We’ll discuss some details about certain aspects of the vNIC configuration in future articles. Things like the why and how of Set-VMNetworkAdapterTeamMapping and the use of -IeeePriorityTag. But for now, this is it. Go try it out! It’s the basis for anything you’ll do with SDNv2 in W2K16 and beyond.

15 thoughts on “Windows Server 2016 RDMA and the Hyper-V vSwitch – Part II

  1. You sample powershell code is displaying the HTML code (at least on my iPhone.)

    Also, have you tested the performance difference of smb direct/rdma w/ and w/o jumbo frames? It didn’t seem to make that drastic of a difference in my setup.

    • Thx for the heads up. Yeah see the same now on an Android. I’ll need a better / more recent code formatting solution. Sorry about that. It does work fine in a desktop browser.

  2. Pingback: Force the affinity of vNIC to pNIC with SET vSwitch | StarWind Blog

  3. You wrote:”Note that the load balancing algorithm is switch independent, the only option supported with SET in Window Server 2016.”
    would you please clarify, that you wanted to say that it is for TeamingMode not for LoadBalancingAlgorithm. Regarding to LoadBalancingAlgorithm, would you please describe why for 10Gbps pNIC you left it Dynamic and not as HyperVPort which is recommended in the Technet document you are reffering ? Thanks !

    • That was indeed a mistake in terminology and it’s been corrected. For load balancing algorithm, test en verify for your set up and uses cases – it may or may not. This article was about setting up SET, not about when what particular choice of load balancing algorithm is the best choice.

      • Thank you ! maybe in some additional follow up article you can also let us know about your experiences with load balancing algorithms for SET 😉

  4. Pingback: IeeePriorityTag with converged RDMA SET | StarWind Blog

  5. Hello, network guy here. Can you tell me what the upstream physical switch settings ought to be when you change the server from standard NIC teaming to SET? For example, before SET I have a server with regular old NIC team settings using LACP and Address Hash as the LB method. If I moved to SET, would those settings need to change on the upstream physical switch supporting this port-channel, as we call it in the network world?

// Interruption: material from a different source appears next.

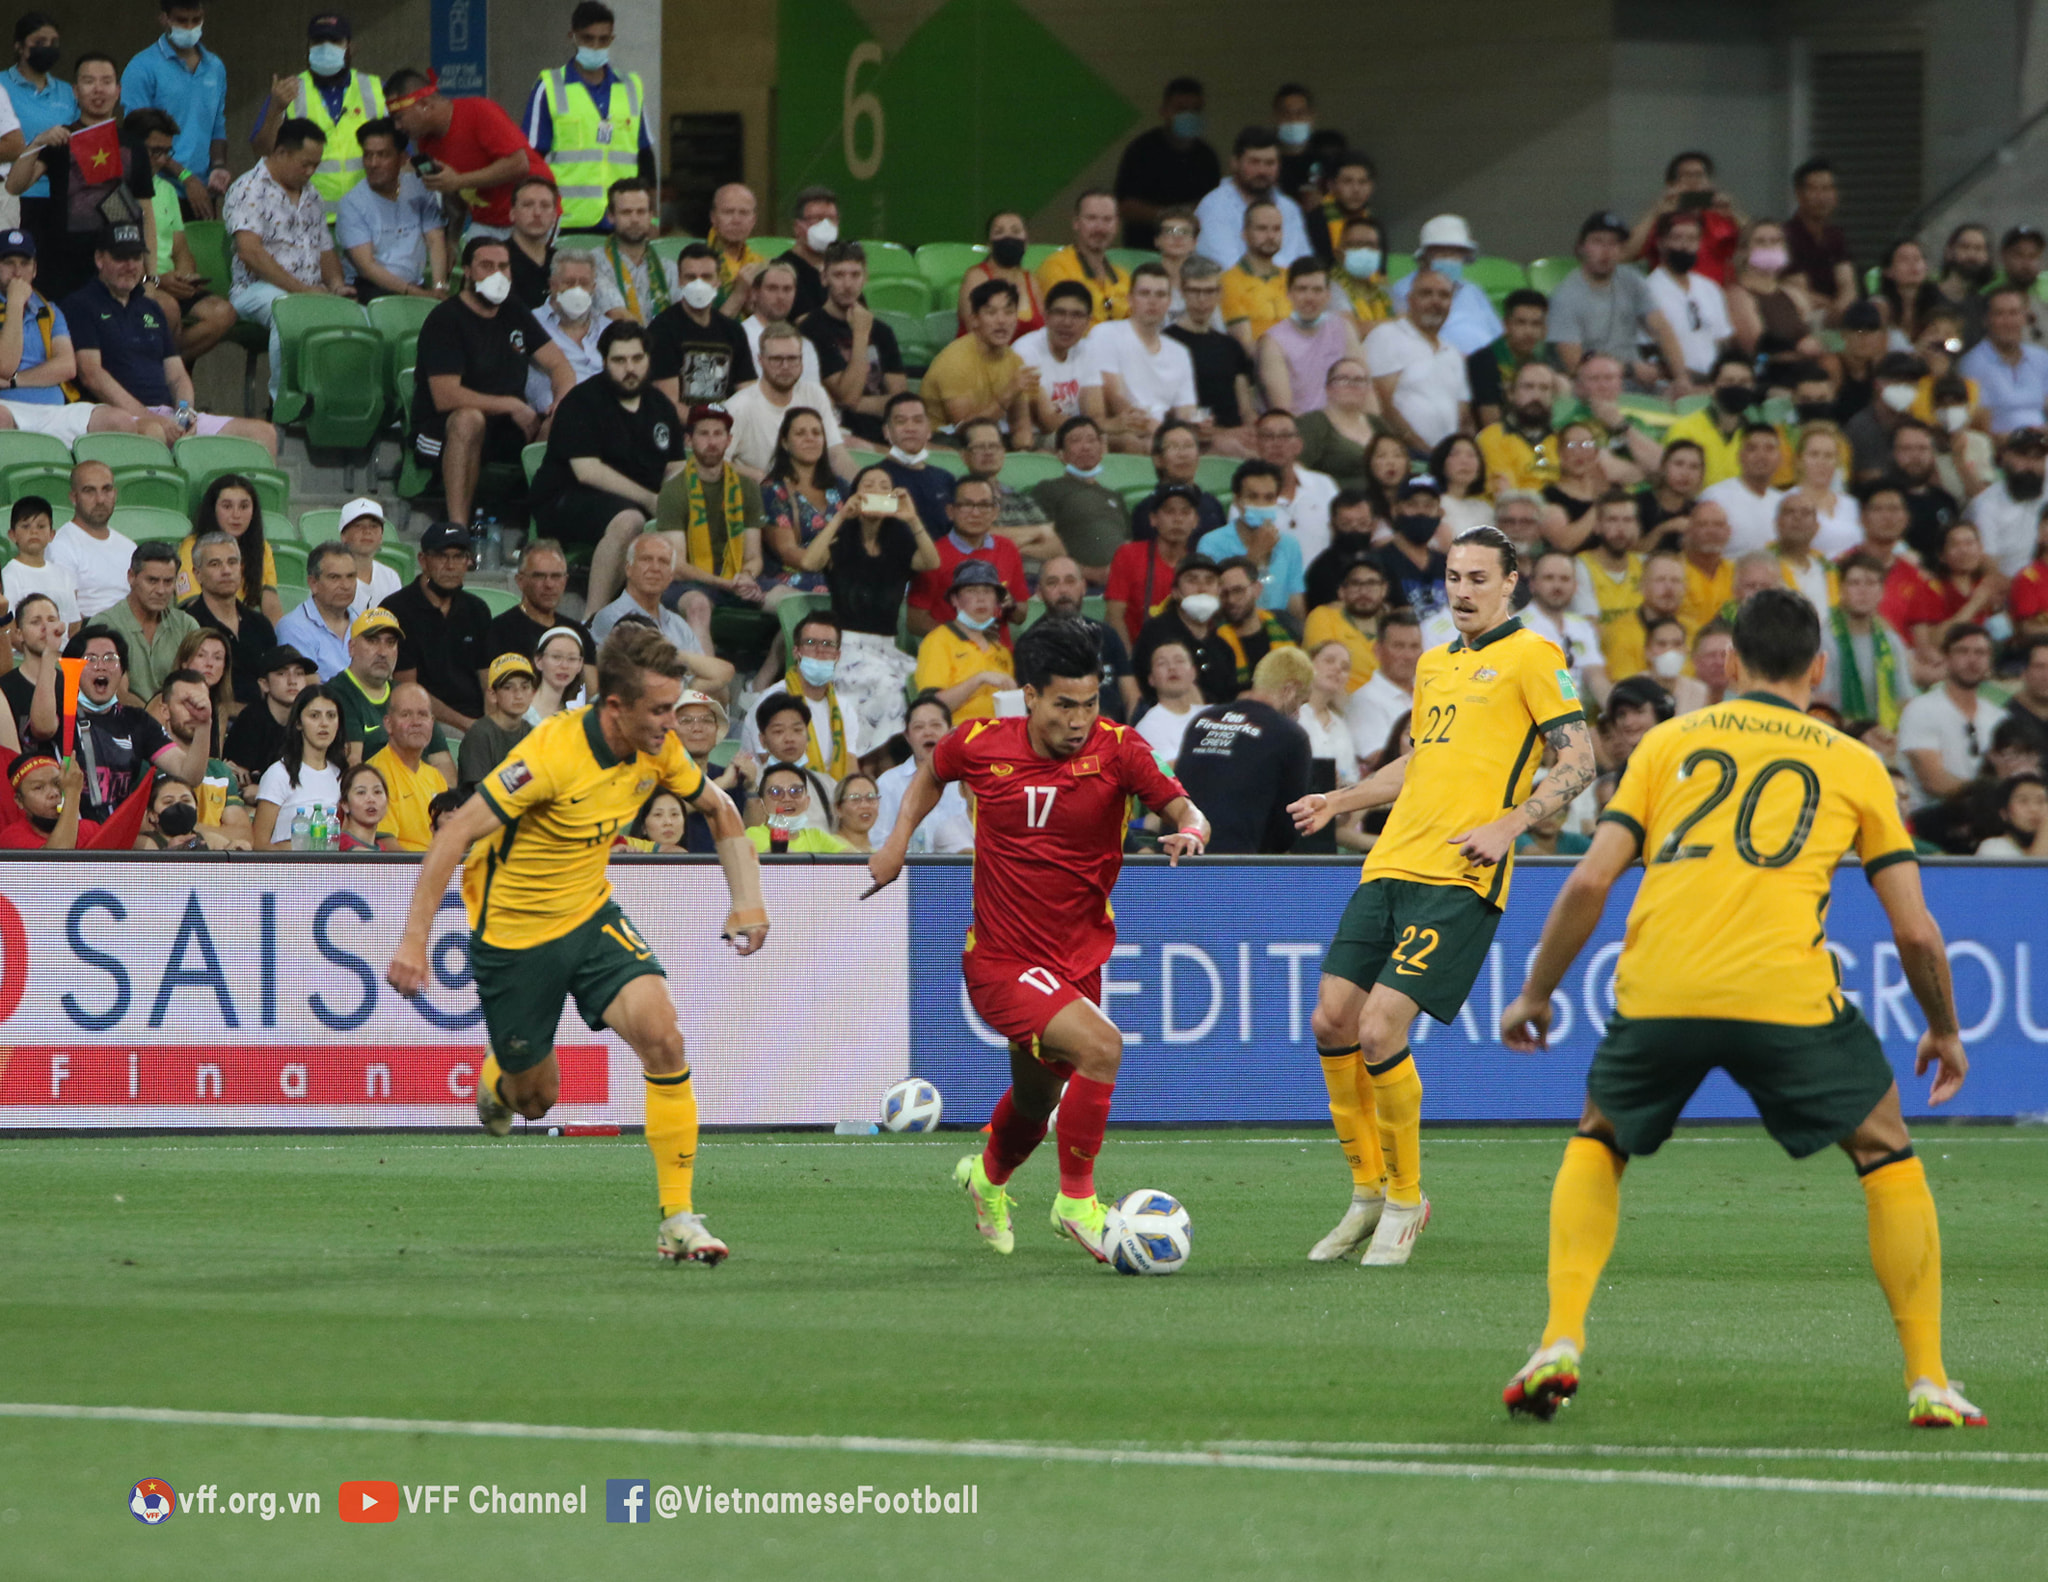 Vietnam officially out of World Cup after 0-4 loss to Australia

    • SET today does not support LACP. SET, for now, is a switch independent only game. With the benefits and the limitations that implies. For most Hyper-V deployments that will not be an issue but on the network side if you’re using LBFO with swicth dependent for the vSwitch and with LACP on the network side (single switch or redundant switches with MLAG/vPC/VLT, … choose your vendors name or – heaven forbid for this use case a stack) that implies a change in configuration.

  6. Hi,

    Thanks for your sharing!

    To create the SMB Multi-channel for S2D, is it possible to assign the same sub-net and vLan both on SMB-1 and SMB-2? e.g. “vEthernet (SMB-1)” 10.10.180.91/24 while “vEthernet (SMB-2)” 10.10.180.92/24 and both on vLan 110.

    As I referred to your another post, https://blog.workinghardinit.work/2016/05/04/simplified-smb-multichannel-and-multi-nic-cluster-networks/, all NIC(s) from 3 nodes are on same sub-net.

    What is the different?

    Thanks!

    Ivan Lee

    • Clustering used to only expose one interface per subnet, in Windows Server 2016 that changed not requiring that anymore. But you must consider network flow when deciding. If you can I would stick to 2 subnets. It avoids some potential issues in certain networks setups. This can be done on the same VLAN if you can’t get an extra one.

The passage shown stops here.